* _Task goal_
The pictures stay out; all of the data is to be printed exactly.

* _Collected data_

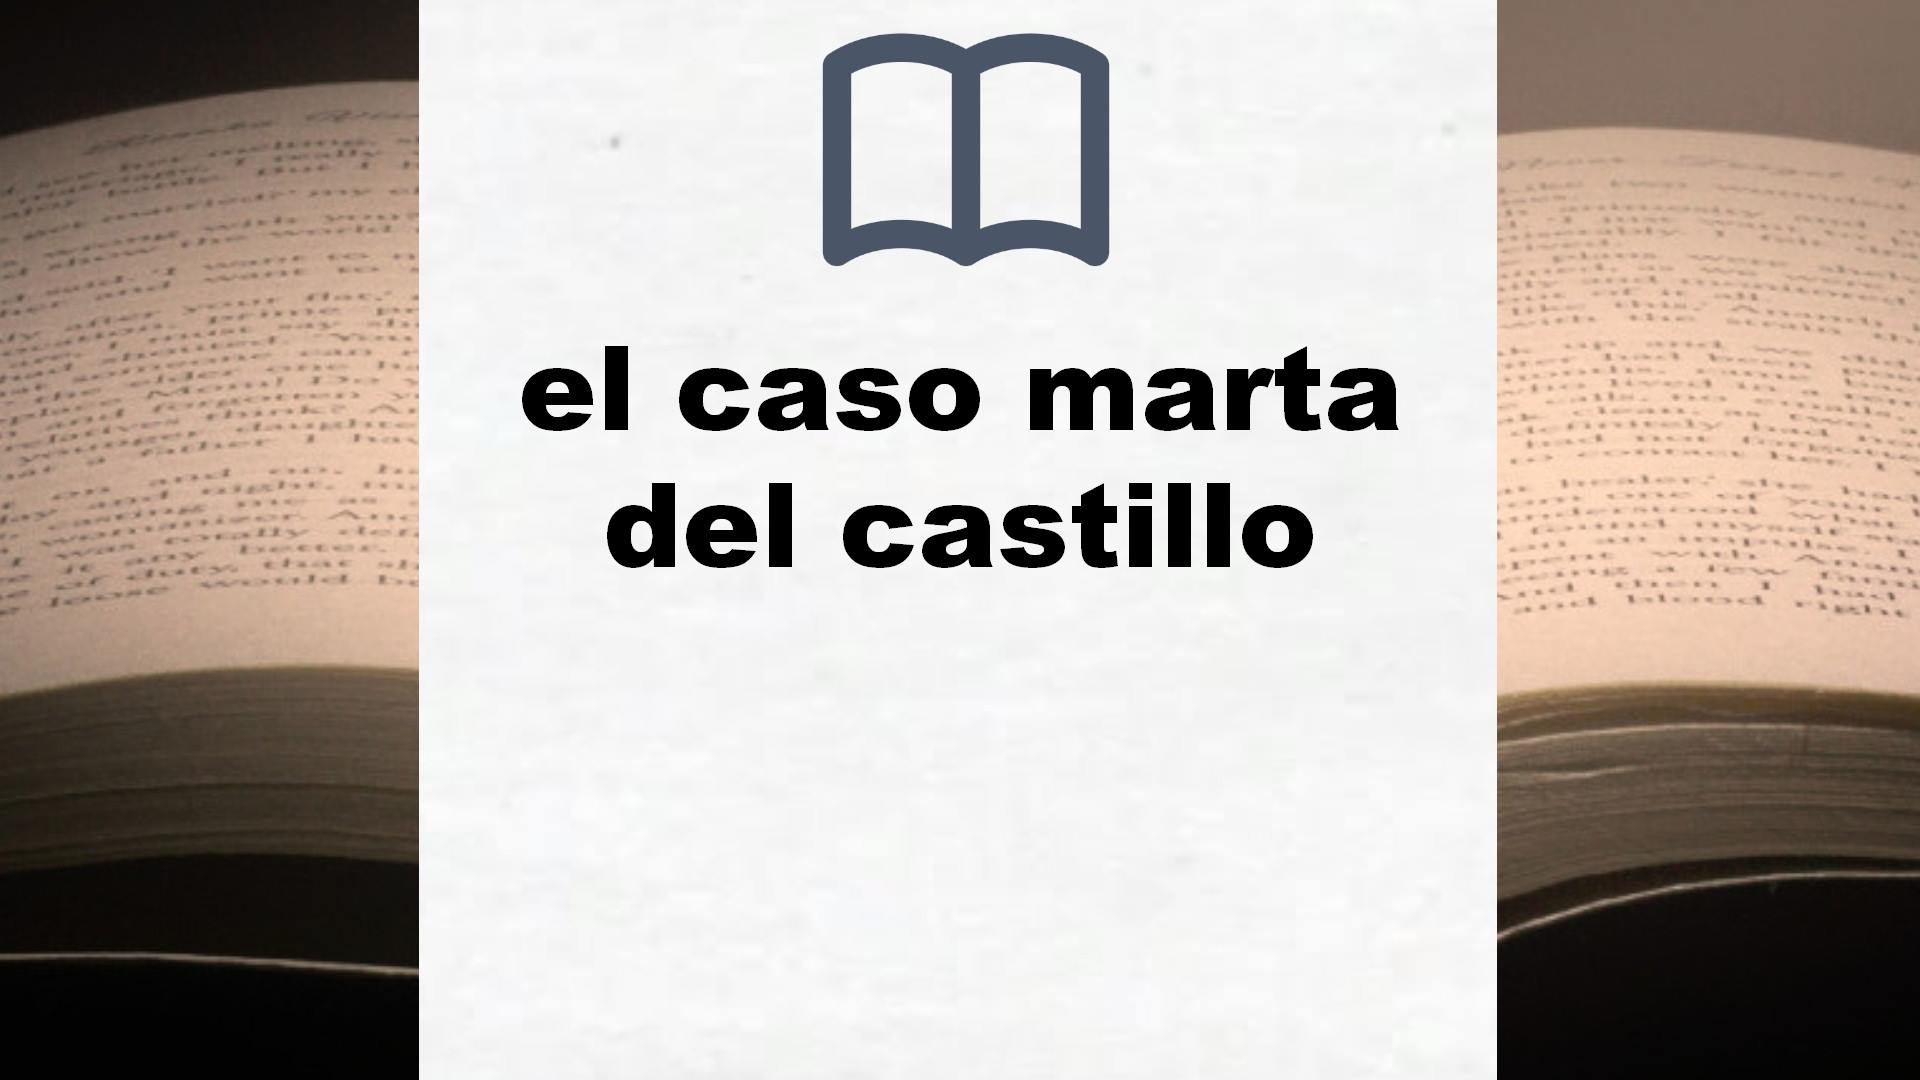 Libros sobre el caso marta del castillo
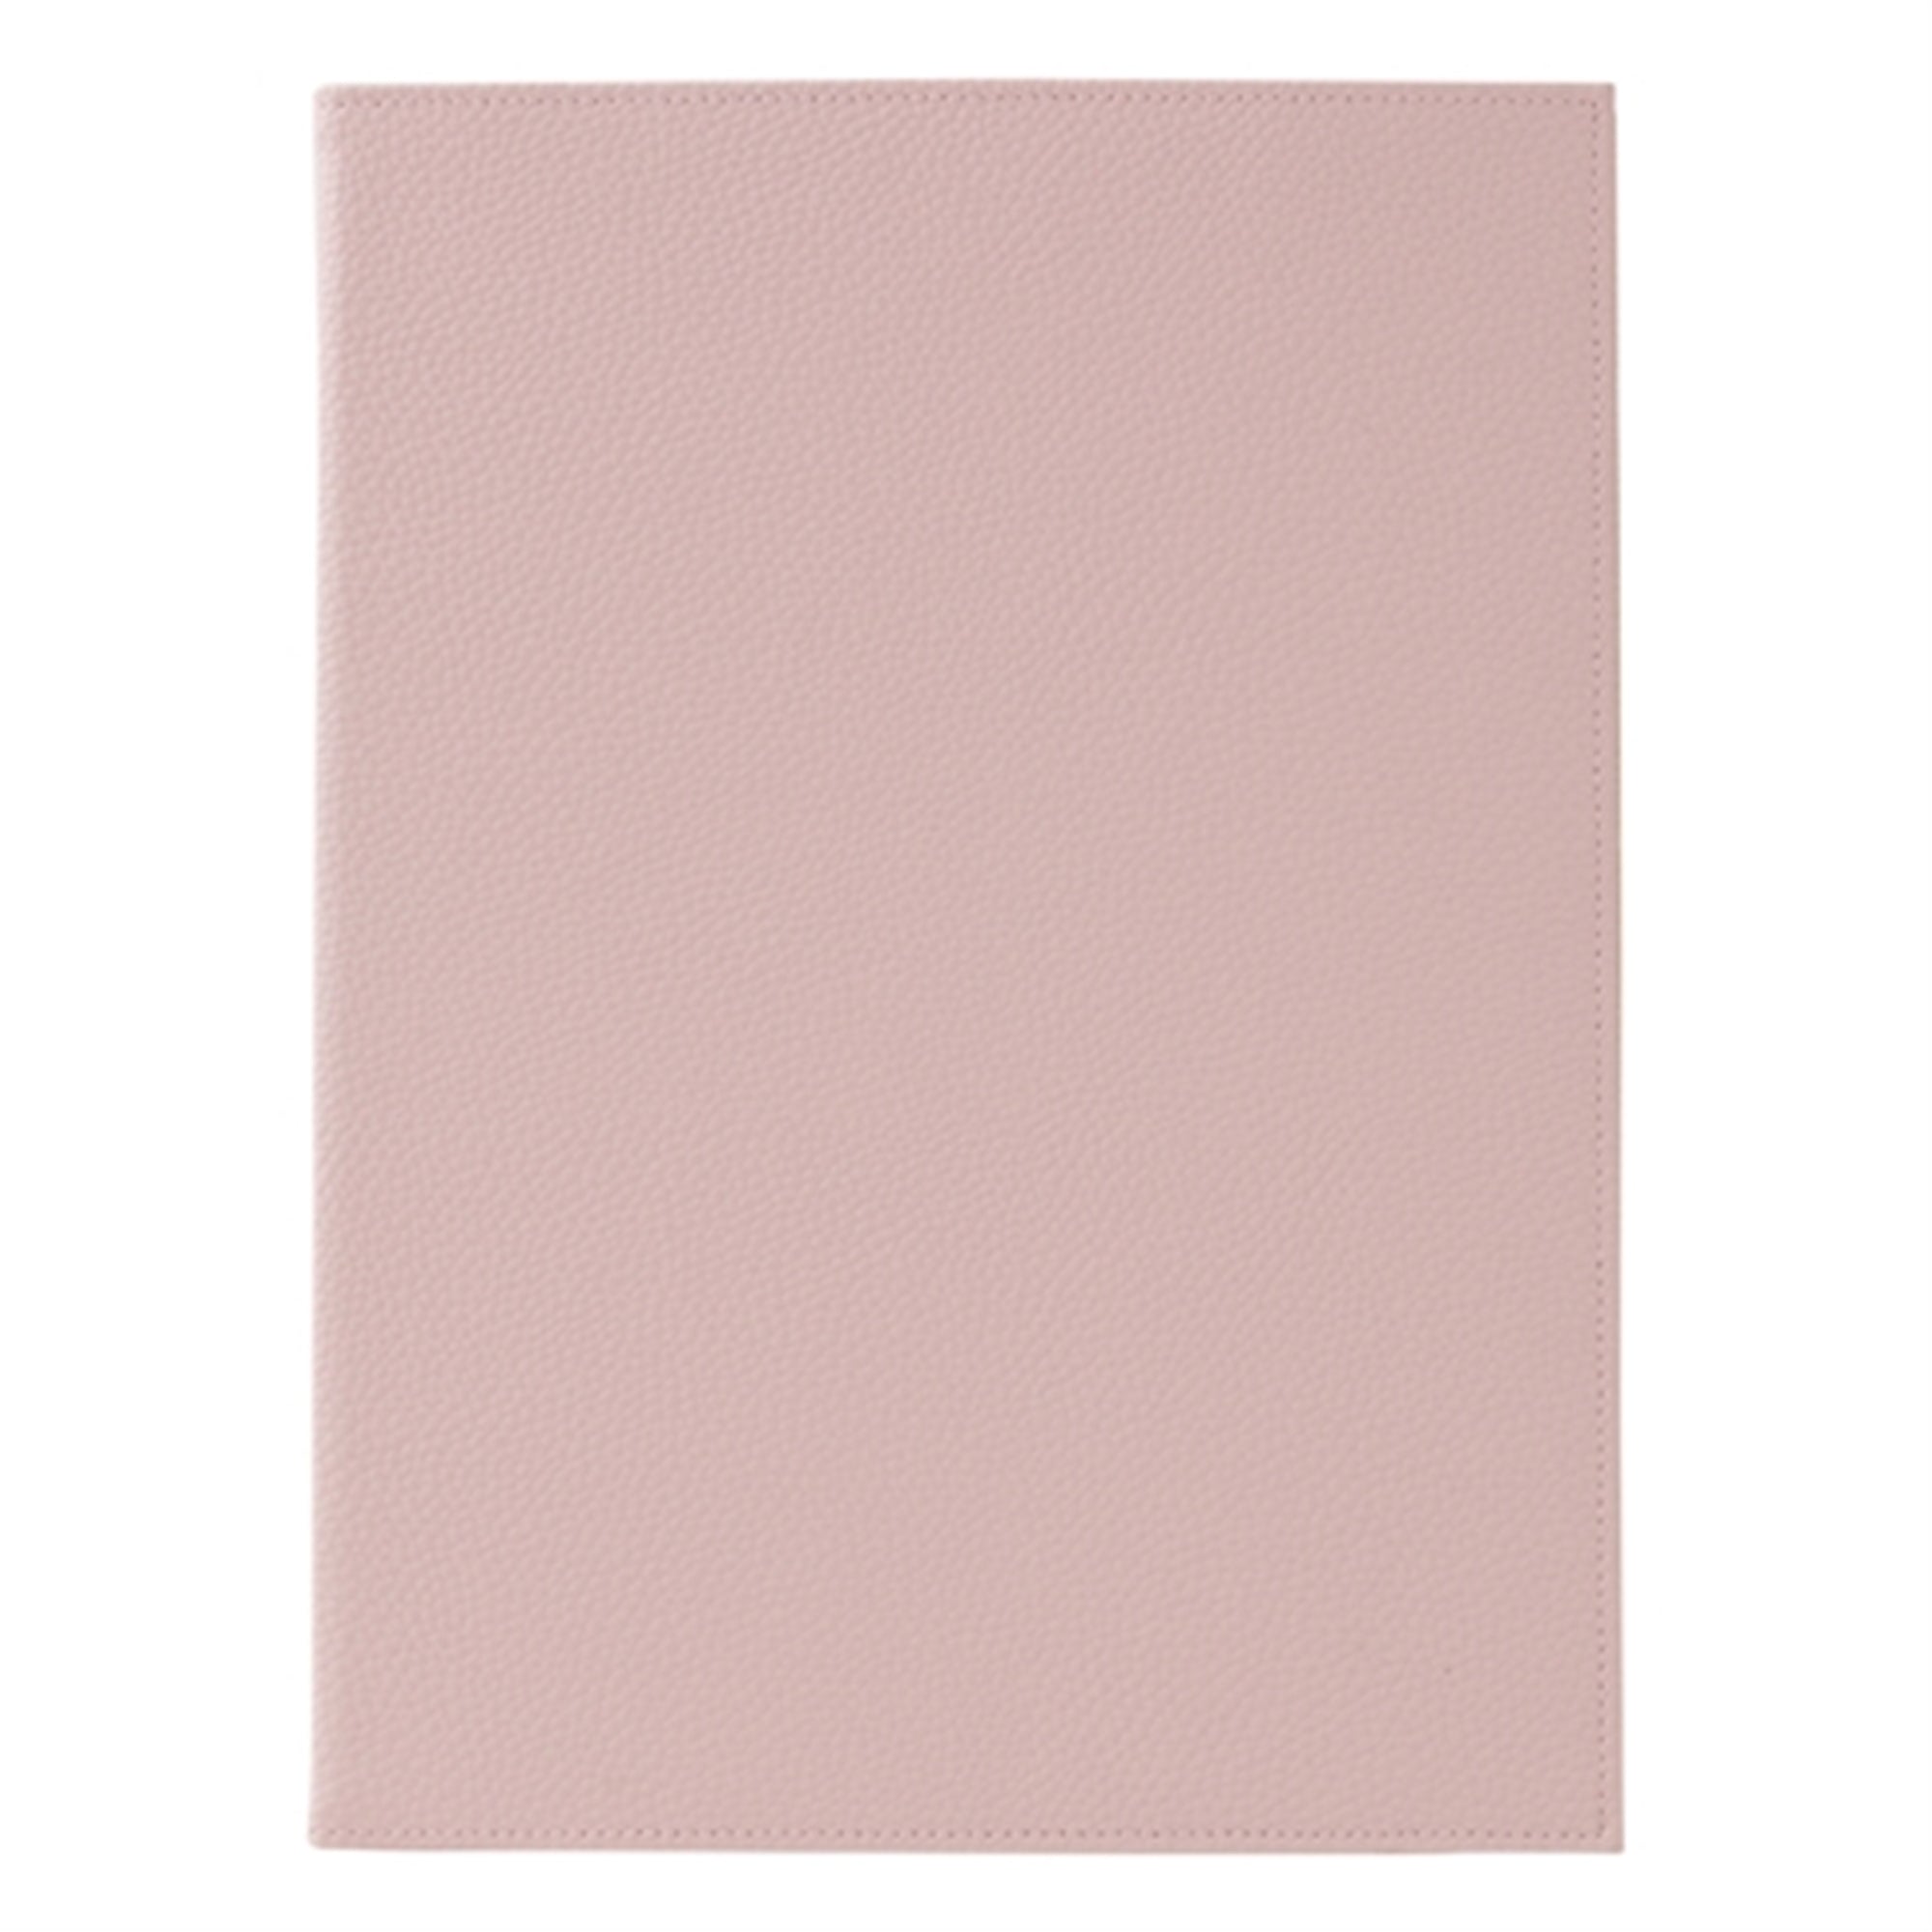 프랑프랑 일본 풀리레 뚜껑 바인더 핑크  
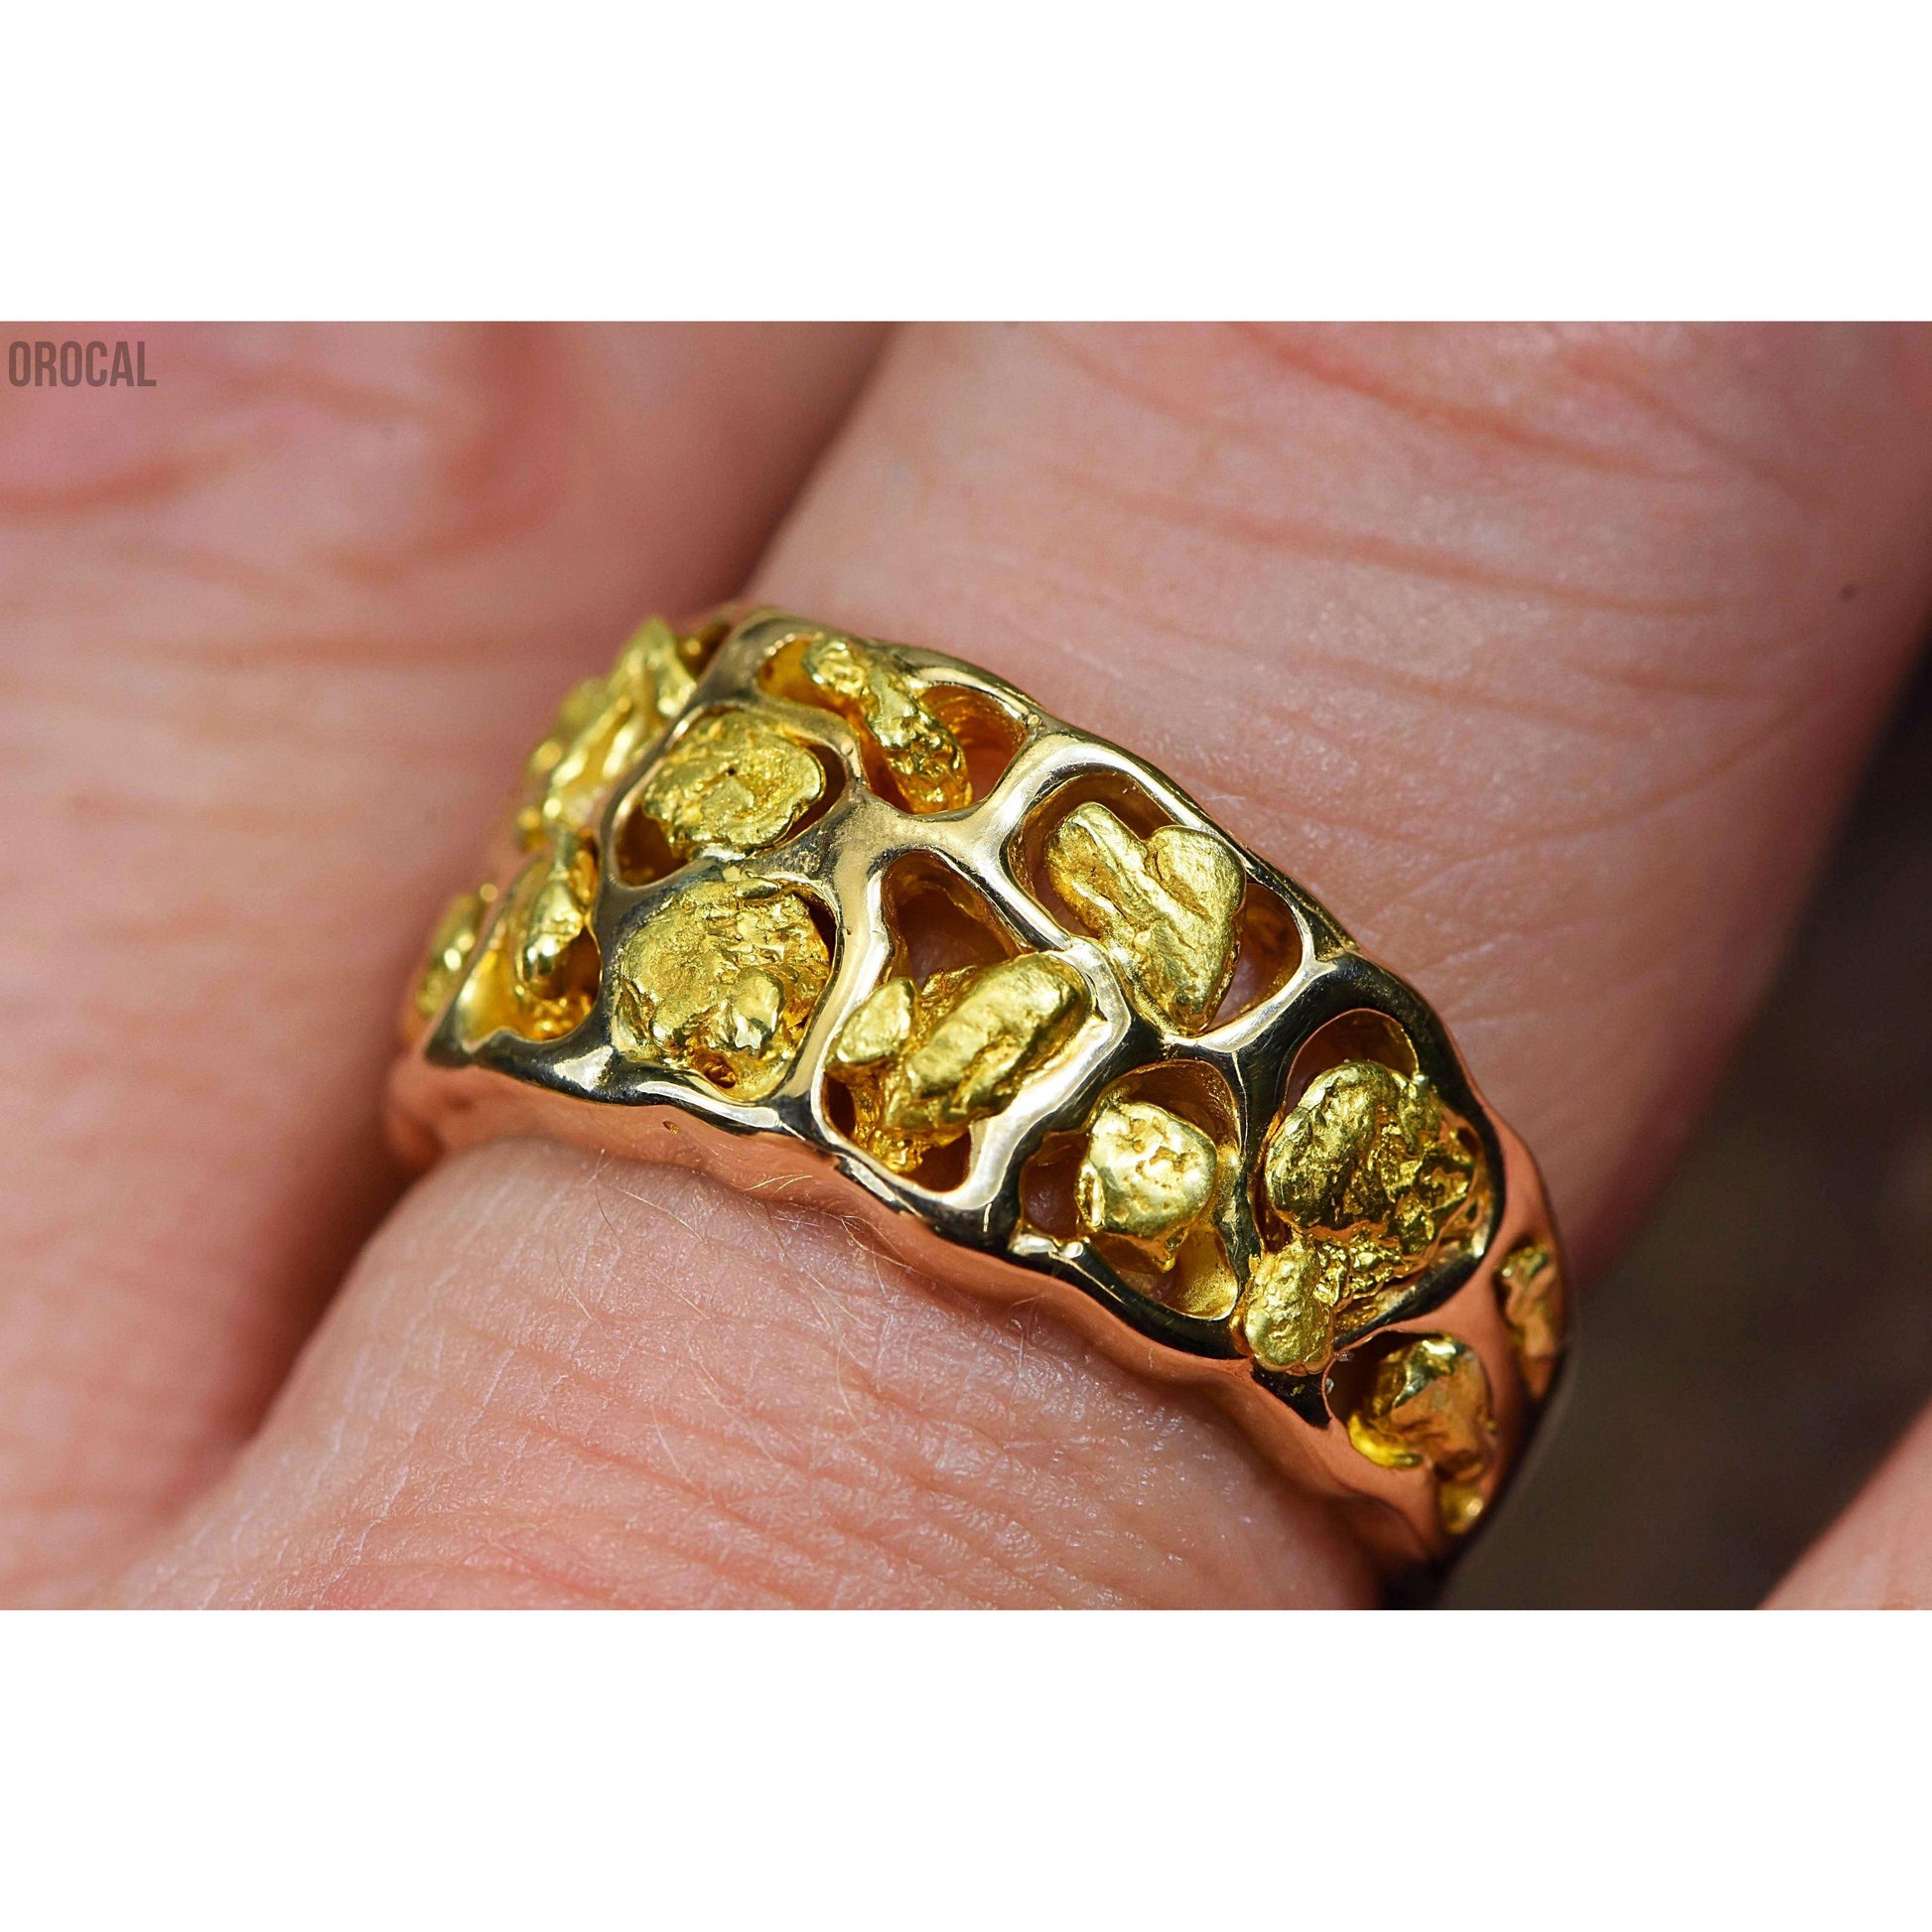 Gold Nugget Men's Ring - RM184-Destination Gold Detectors

* _Answer section_
 Libros sobre el caso marta del castillo
 프랑프랑 일본 풀리레 뚜껑 바인더 핑크  
 Gold Nugget Men's Ring - RM184-Destination Gold Detectors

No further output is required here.